The Third Annual Multistakeholder Gathering on Tackling Inequities in Noncommunicable Diseases
On the sidelines of the 79th UN General Assembly and the third Global NCD Compact Heads of State and Government annual meeting, and just 12 months ahead of the fourth UN High-Level Meeting on NCDs in 2025, NCDA and WHO will convene a multistakeholder event to focus on tackling inequities in NCDs through multistakeholder action.
In 2024, the world is off track to meet the 2025 global targets on noncommunicable diseases (NCDs). Since 2015, progress has stagnated and only six countries out of 191 UN Member States appear able to achieve the NCD mortality target to reduce premature deaths by one third by 2030. Many promises made at the last UN High-Level Meeting in 2018, to ensure more people living with NCDs have access to essential health care and protect those at risk of exposure to key risk factors, will go unmet.
The NCD burden may be universal, but it shines a glaring light on deeply engrained inequities both across and within countries. Globally since 2000, the chances of dying prematurely (between the ages of 30 and 70) from an NCD have gone down by 22%, but premature NCD mortality has increased in more than 20 mostly low- and middle-income countries. An estimated 82% of premature deaths from NCDs occur in low- and lower-middle-income countries, and the poor in all countries are the hardest hit.

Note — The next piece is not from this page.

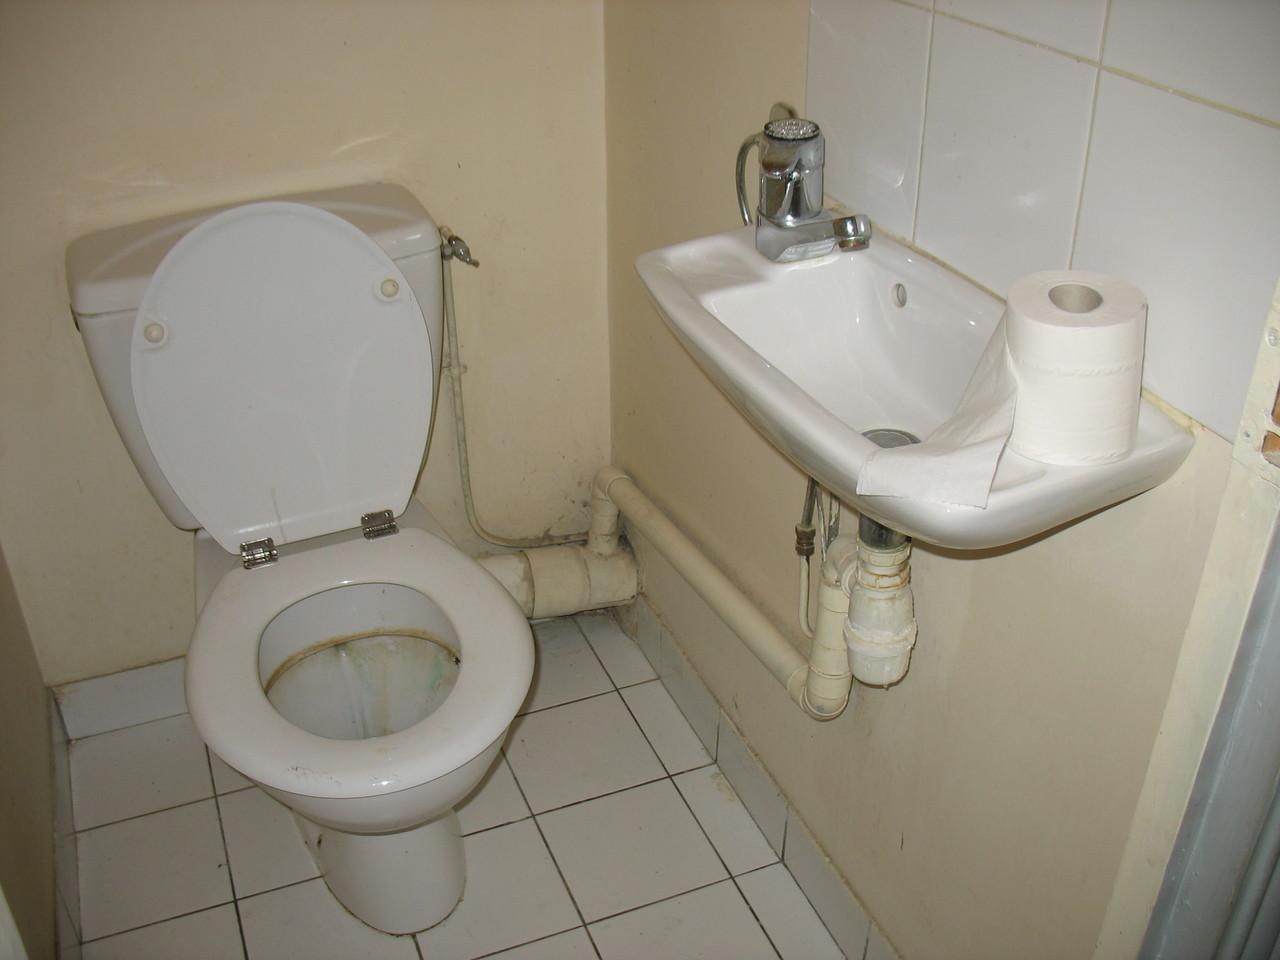 Before renovation: toilet

NCDs follow a social gradient – the lower a person’s social and economic status, the higher chance they have of morbidity and premature mortality related to NCDs. Poor countries and vulnerable communities (such as children, refugees, indigenous populations) have less access across the whole care continuum, from NCD prevention and early diagnosis, to life saving treatment and palliative care. Globally only one in two people living with diabetes has access to the insulin they need; in sub-Saharan Africa, that figure drops to one in seven people. 80% of the 40 million people needing palliative care live in LMICs, but only 6% of the world’s opioids are consumed there.
Exposure to the NCD risk factors follows a similar gradient, where lower income means higher exposure. Higher smoking prevalence for example is associated with almost every indicator of deprivation or marginalisation – lower incomes, unemployment, homelessness to name a few. The social and economic determinants of health – the conditions in which people are born, grow, work, live, and age, and the wider set of forces and systems – shape the individual experience of health and are the drivers of inequity.
As with any complex systemic challenge, tackling inequities in NCD prevention and care demands leadership, action and collaboration across multiple sectors well beyond health and across a range of stakeholders from governments, international organisations, civil society and communities (particularly people living with NCDs), academia, foundations and relevant private sector. Fortunately a number of tools, such as NCDA’s NCD Health Equity Conceptual Framework and Practical Guide for NCD Community Advocates, the WHO’s Framework of Engagement of people living with NCDs and mental health and neurological conditions, the WHO’s new practical tool Supporting Member States in reaching informed decision-making on engaging with private sector entities the forthcoming WHO Global Report on Health Equity for People with Disabilities exist to guide stakeholders. Only with a clear commitment across all stakeholders to tackle NCD inequities and by approaching policies, decision-making, health systems, programmes, research and M&E with a strong equity lens will we leave no one behind in the NCD response.
The event will be followed by a 1-hour reception.